> Collected material:
---+---
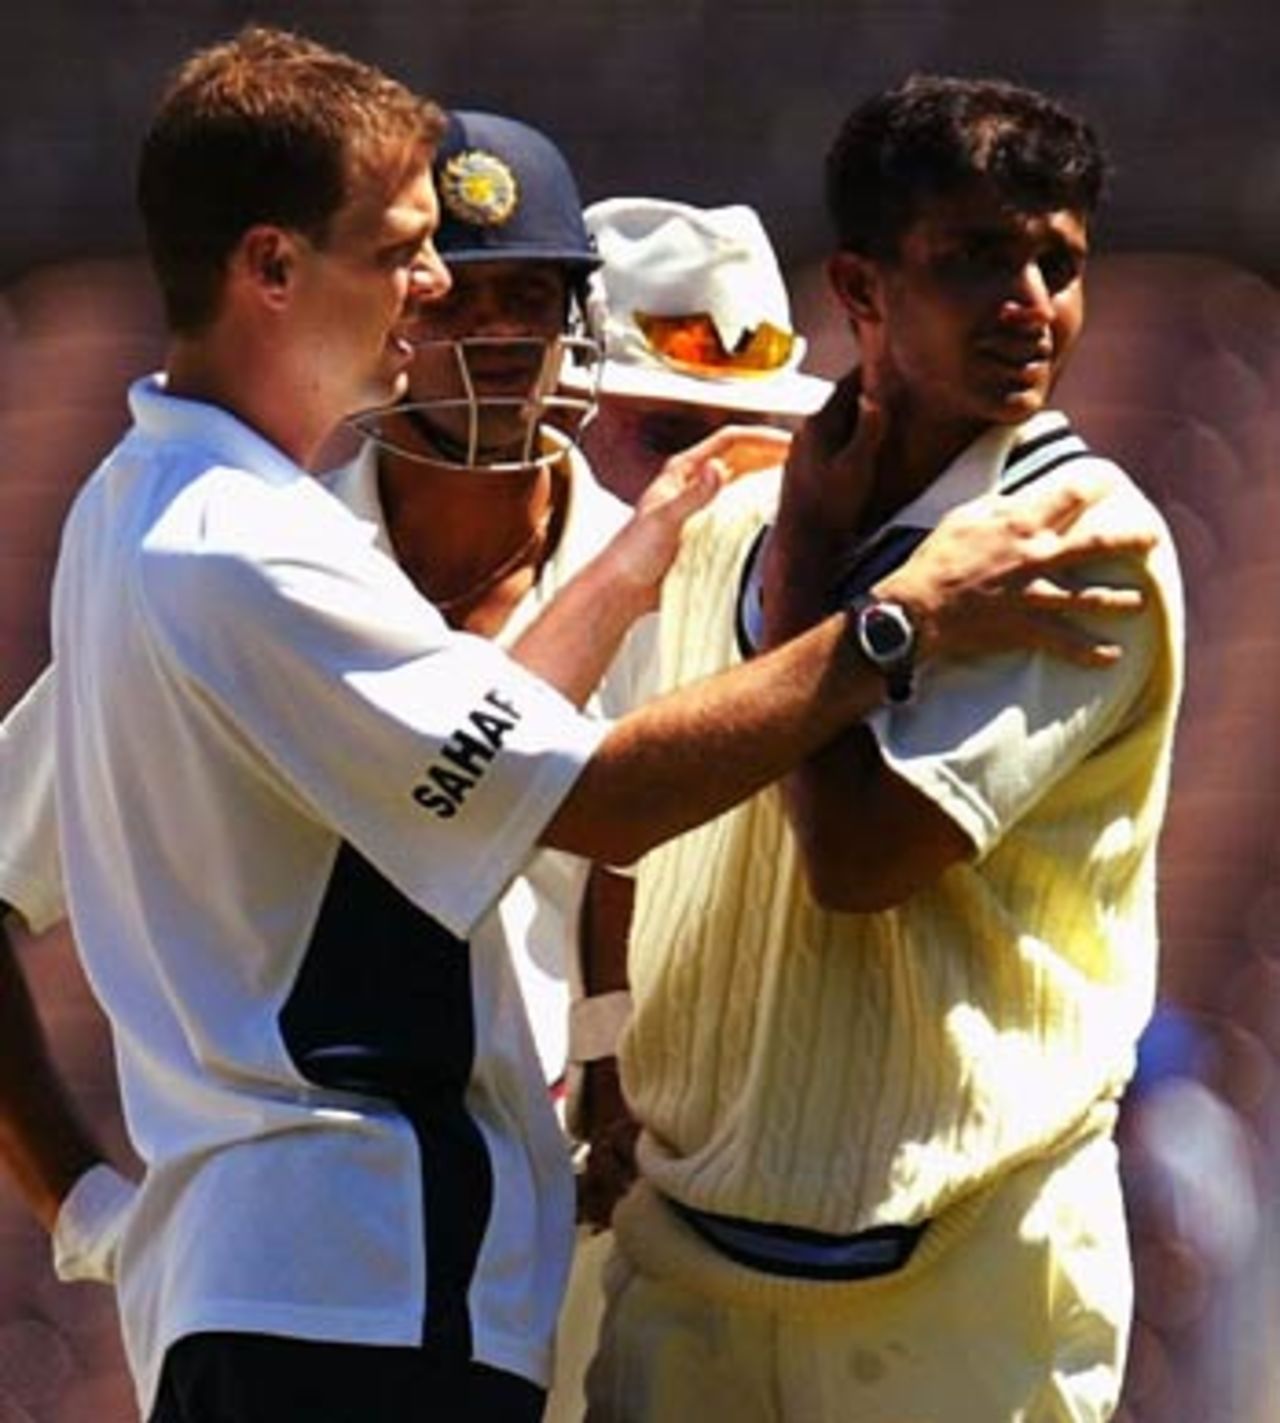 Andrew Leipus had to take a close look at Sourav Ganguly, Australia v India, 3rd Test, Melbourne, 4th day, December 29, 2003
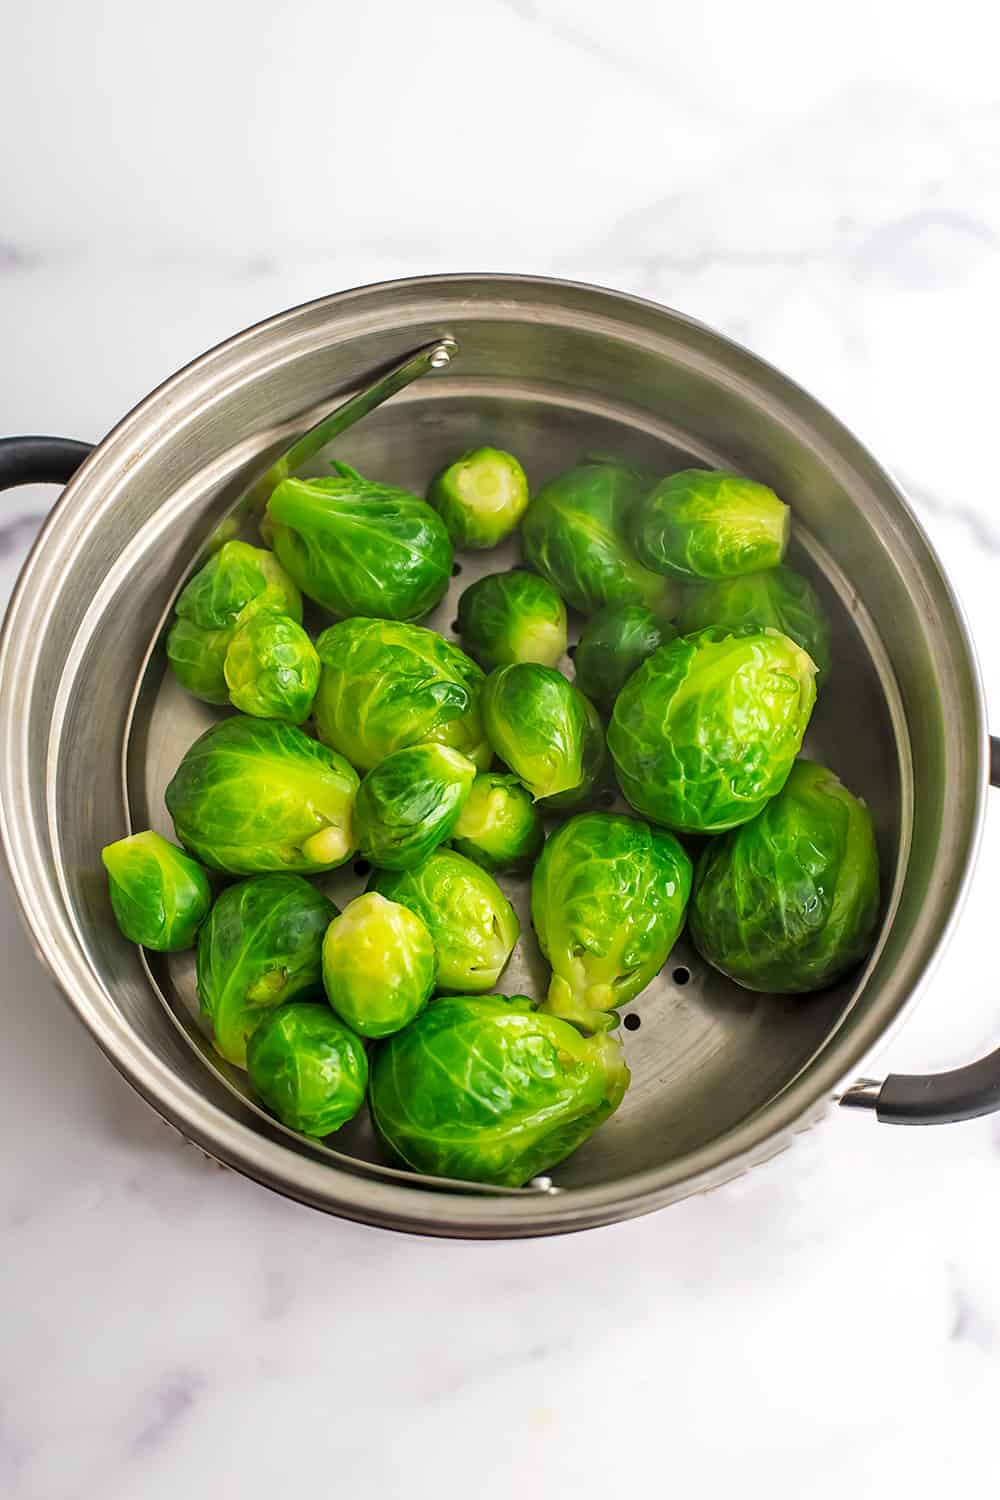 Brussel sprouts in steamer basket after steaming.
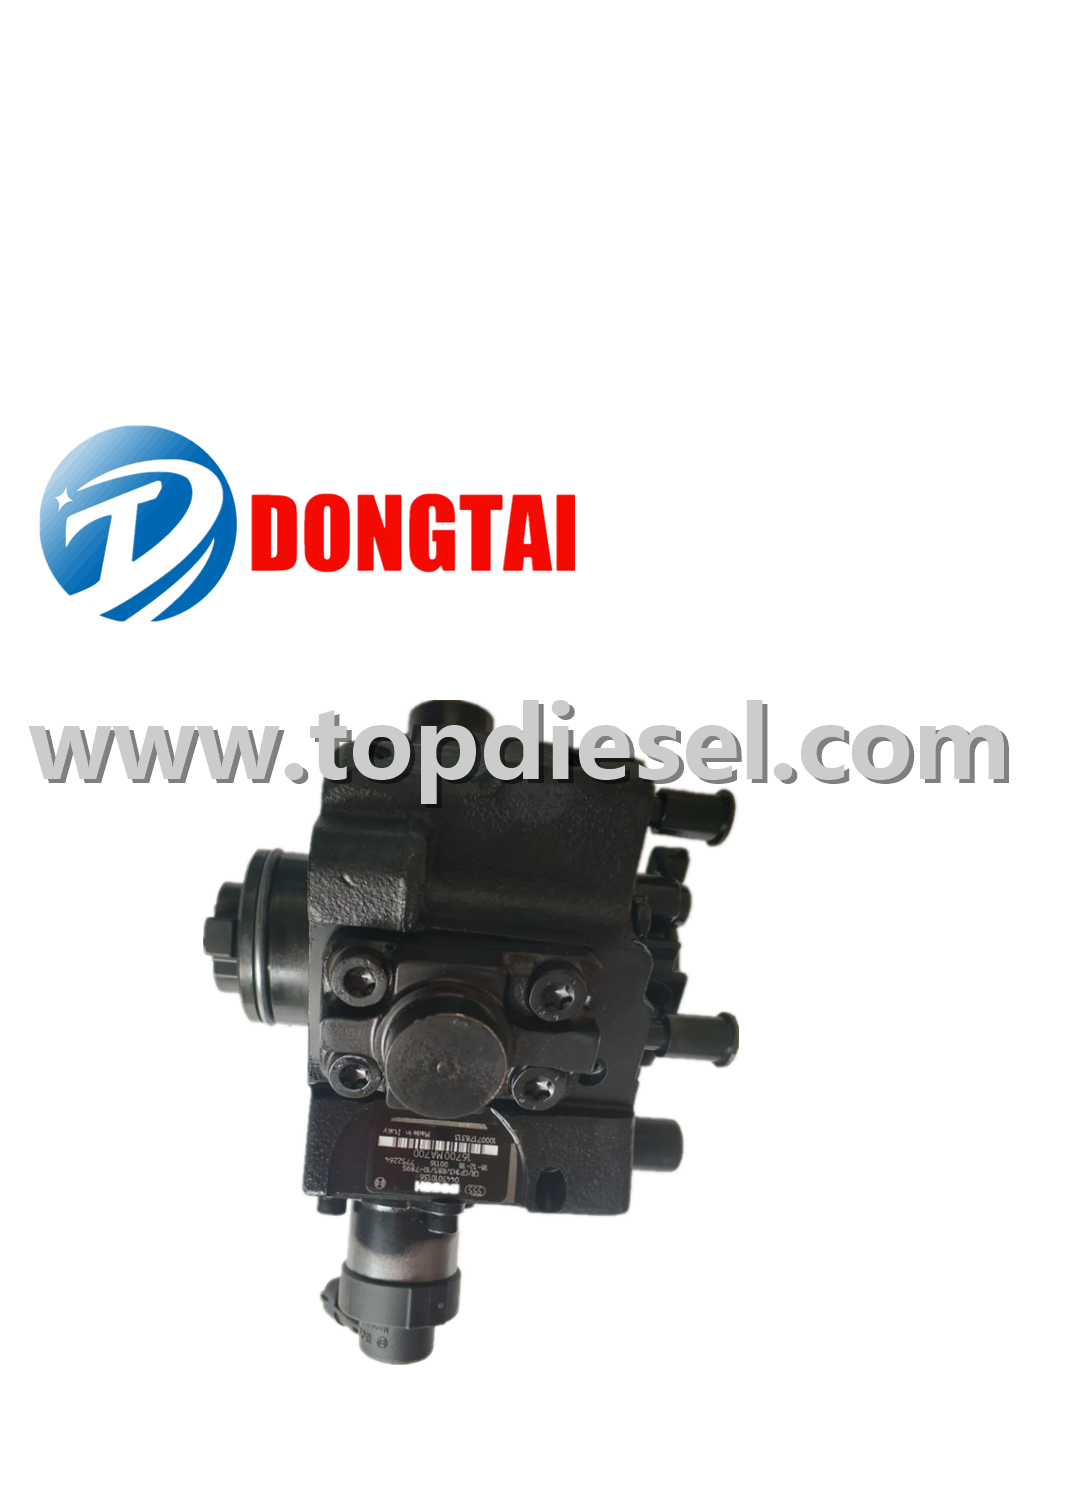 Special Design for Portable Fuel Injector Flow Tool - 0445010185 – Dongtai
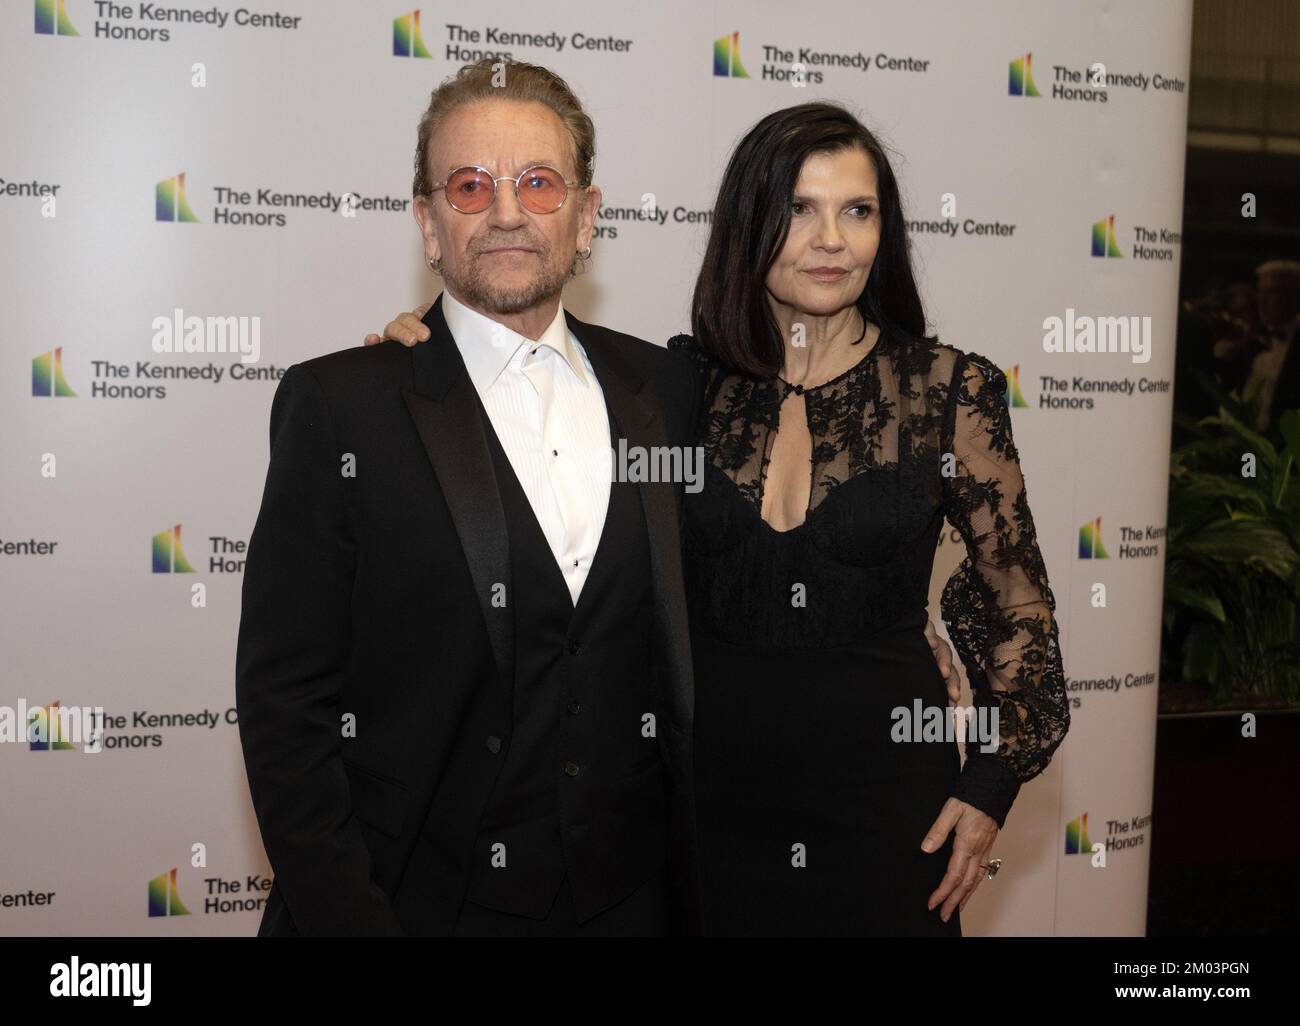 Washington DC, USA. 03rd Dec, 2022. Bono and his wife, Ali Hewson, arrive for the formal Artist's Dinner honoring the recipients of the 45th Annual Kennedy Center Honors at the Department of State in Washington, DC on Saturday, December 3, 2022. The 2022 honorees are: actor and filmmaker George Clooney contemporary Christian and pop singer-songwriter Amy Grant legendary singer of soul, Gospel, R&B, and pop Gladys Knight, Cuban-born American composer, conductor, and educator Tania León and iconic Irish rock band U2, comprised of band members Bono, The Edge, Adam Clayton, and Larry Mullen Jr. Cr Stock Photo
---+---
> Description of the task: Write out the whole listing exactly as it appears, and omit the pictures.

> Finished task:
 Andrew Leipus had to take a close look at Sourav Ganguly, Australia v India, 3rd Test, Melbourne, 4th day, December 29, 2003
 Brussel sprouts in steamer basket after steaming.
 Special Design for Portable Fuel Injector Flow Tool - 0445010185 – Dongtai
 Washington DC, USA. 03rd Dec, 2022. Bono and his wife, Ali Hewson, arrive for the formal Artist's Dinner honoring the recipients of the 45th Annual Kennedy Center Honors at the Department of State in Washington, DC on Saturday, December 3, 2022. The 2022 honorees are: actor and filmmaker George Clooney contemporary Christian and pop singer-songwriter Amy Grant legendary singer of soul, Gospel, R&B, and pop Gladys Knight, Cuban-born American composer, conductor, and educator Tania León and iconic Irish rock band U2, comprised of band members Bono, The Edge, Adam Clayton, and Larry Mullen Jr. Cr Stock Photo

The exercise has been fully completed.